A mother-daughter conversation on food and cooking (mostly)

Sunday, June 10, 2007

Banana Bread

Recently I've been working on a banana bread recipe. For years I've been using recipes that produce banana bread that is:

- Too sweet. Especially that bland, white sugar dessert-timey sweetness. Gaah.

- Too cakey. If the bananas are too well-mashed and the flour too white and delicate, the banana bread will be moist but homogenous and flat, with small little brown lines of cooked banana matter that look like parasites. I like banana bread that is chunky and rough-looking but tender.

- Not salty enough. Really. Banana bread can handle more salt than you might expect.

- Not buttery enough. Lots of recipes use vegetable oil only, which is good for moisture but bad for flavor.

- Unhealthy. This sounds silly as I plead for more butter and salt in my banana bread, but really: I want some whole grains in there. But at the same time I don't want an oaty brick. So there are several tensions to resolve here.

Carver's, a brewery/restaurant in Durango, Colorado, serves grilled banana bread, which remains my banana bread ideal. It's warm and thick and buttery and falls apart when you eat it. It is nothing like the banana pound cakes most cookbooks try to pass off as banana bread.

So here's the recipe I've developed over the past month, with copious notes.

Bowl One -- The Dry Ingredients

Whisk together the following:
- 1 cup graham flour. Graham flour, I have discovered, is magical. The miller takes apart the whole wheat and mills the bran and germ separately from the endosperm, then mixes them back together, and somehow this is completely different from regular whole wheat, which is milled all together. I guess it makes sense -- it behaves more like white flour with tiny pieces of bran that toast up all delicious and almost crispy. I love it. So yes, try graham flour. Otherwise, use whole wheat flour.
- 1/2 cup all-purpose flour
- 1/4 cup oats. Use steel-cut oats instead of rolled oats, or else pulse some rolled oats in the food processor for just a few seconds. Rolled oats seems to get tough instead of crunchy.
- 1/2 teaspoon baking powder (One recipe I used to use calls for almost 2 teaspoons of baking powder, and you can actually taste it in the bread, all metallic and wrong.)
- 1/2 teaspoon baking soda
- 1 scant teaspoon salt. Really, try using that much.
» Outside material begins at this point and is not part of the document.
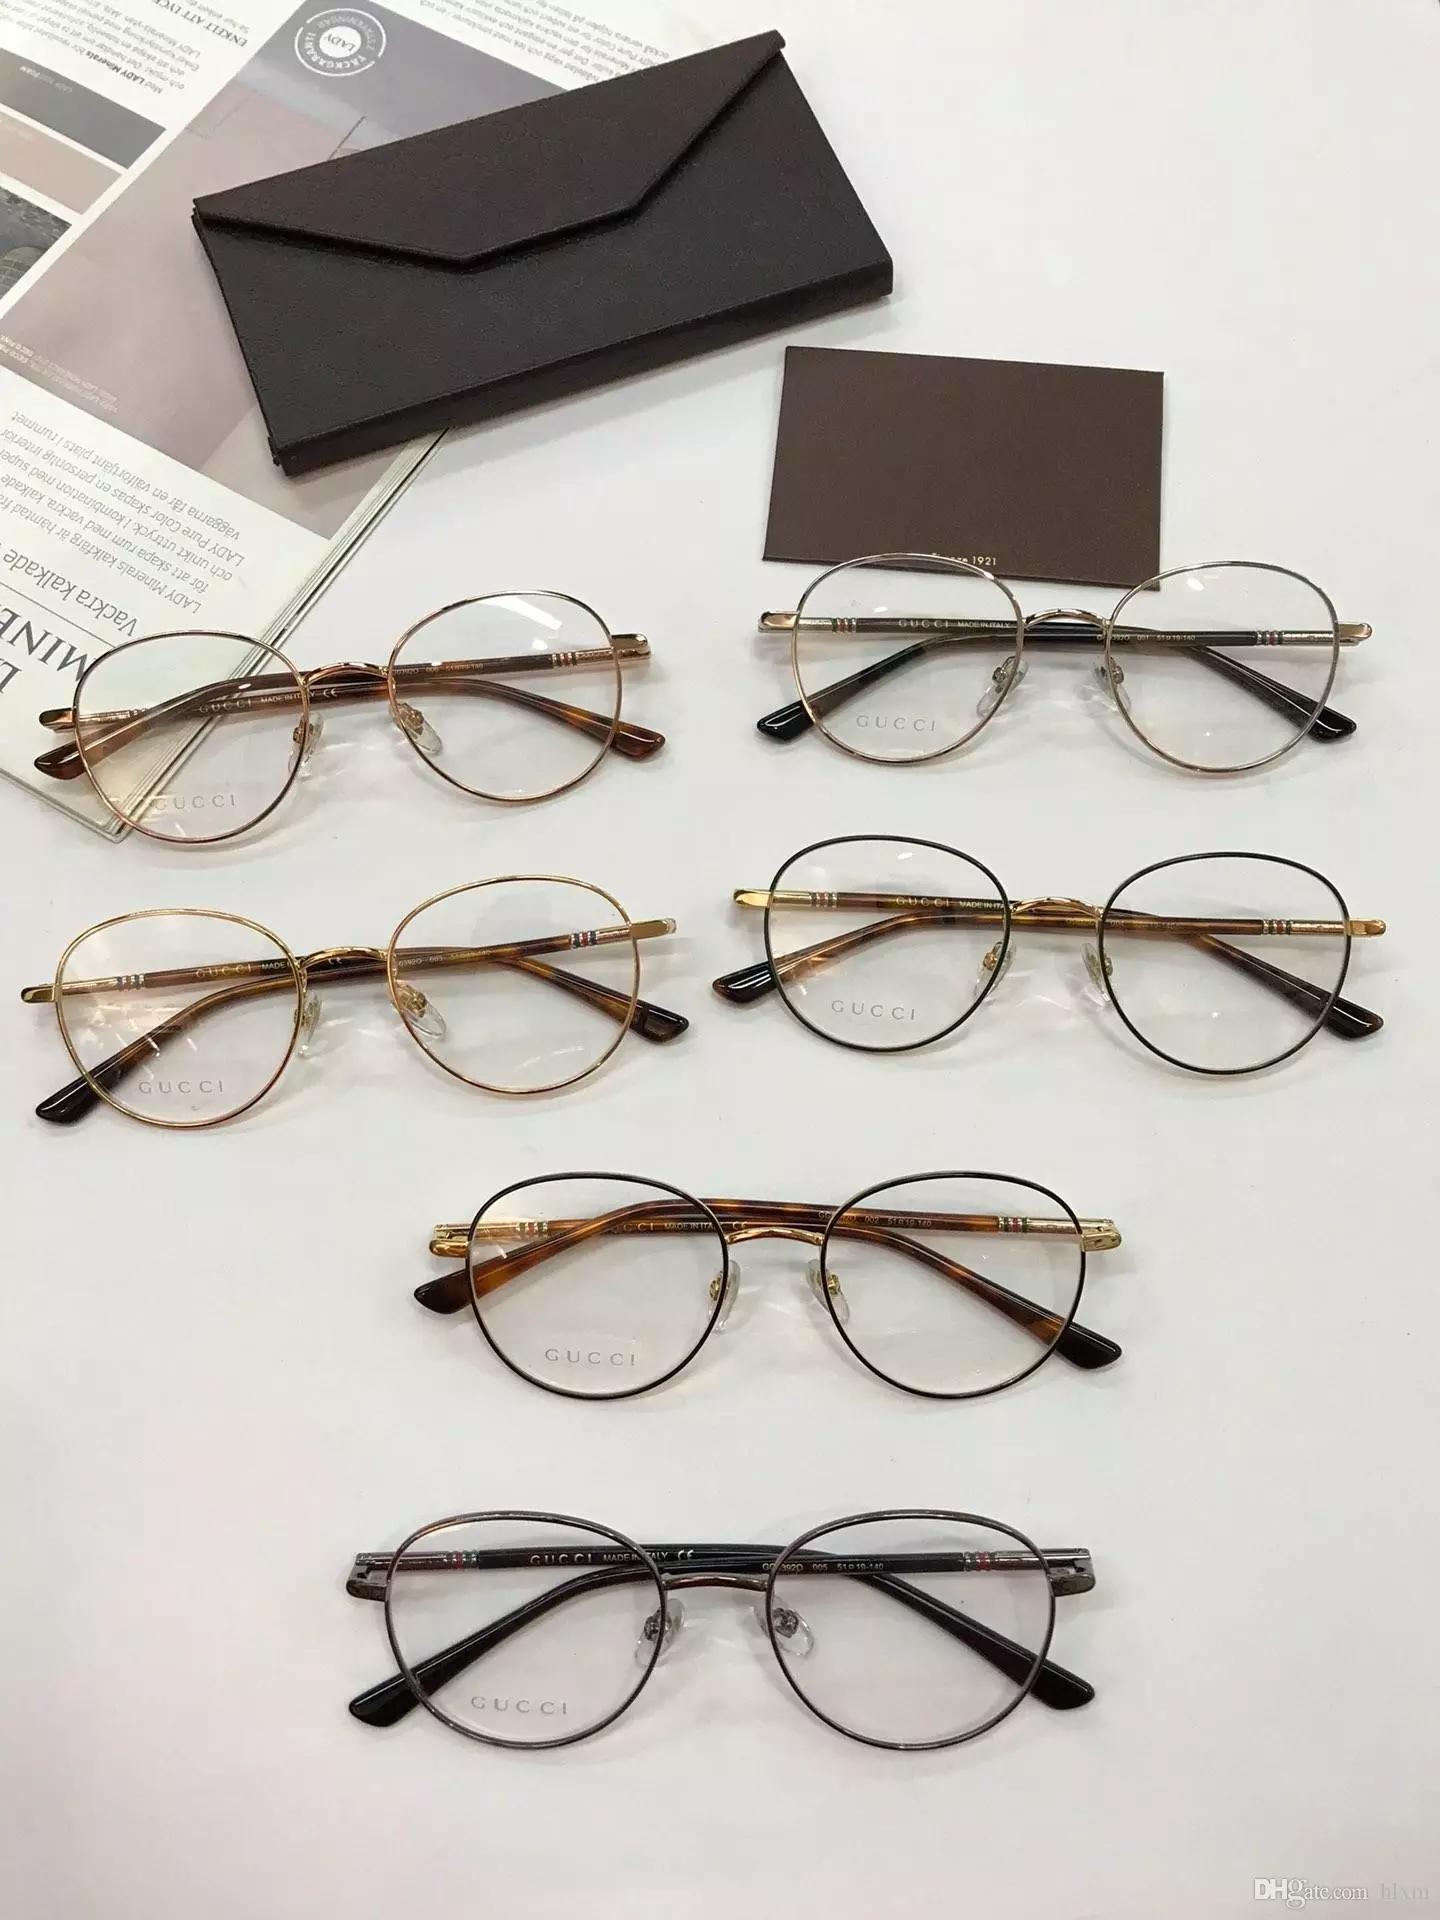 b197527342 Compre Diseño De Marca 2018 Montura De Gafas Ópticas Modelo De Calidad High  End Clásico GG0392 Tamaño 51 19 140 Monturas De Gafas Para Hombre Y Mujer A  ...

It brings out the buttery and banana-y flavors really well.

Bowl Two -- The Wet Ingredients
This part is kind of like a cake: you cream together the butter and sugar, then add eggs and the other business.
Beat until soft:
- 4 tablespoons butter at room temperature

Beat in, in this order:
- 1/4 cup brown sugar, packed
- 2 eggs
- 3 tablespoons honey
- 2 tablespoons vegetable oil

Bowl Three -- The Bananas
You will need two bananas of very advanced age. I only make banana bread with bananas that are too gooey and thin-skinned and black and nasty to consider eating raw...and I tend to eat very ripe bananas raw. These should be only a day or two from the compost heap.

Do NOT mash the bananas with a fork. Put them in a Pyrex cup or a small bowl, and with a thin spatula or similar implement and an up-and-down motion, cut them into pieces of roughly 1/4 to 1/2 an inch. They should be chopped and messy, not a bowl of goo.



So now you have three bowls. First, fold the dry ingredients into the wet bowl with as little mixing as possible -- just moisten all the flour. Then, fold the banana chunks in. Finally, fold in:

- 1/2 cup walnuts, broken up with fingers if not pre-chopped

Scrape gently into a greased small loaf pan and bake at 350 degrees for an hour.

3 comments:

Kris said...

You're right,it's a very delicate balance. Too wet, too dry, too heavy! I made some banana nut muffins last week and they were dry because I overcooked them by just a minute or so. I will try your version.

Steph D said...

This is a great recipe! It's going to be my default banana bread from now on, I think. I can't wait to make it again. I only wish I had a small loaf pan... I may double the recipe next time to fill my large loaf pan.

Eva said...

Stephanie, I'm so pleased this worked for you. I plan to try doubling the recipe now, too.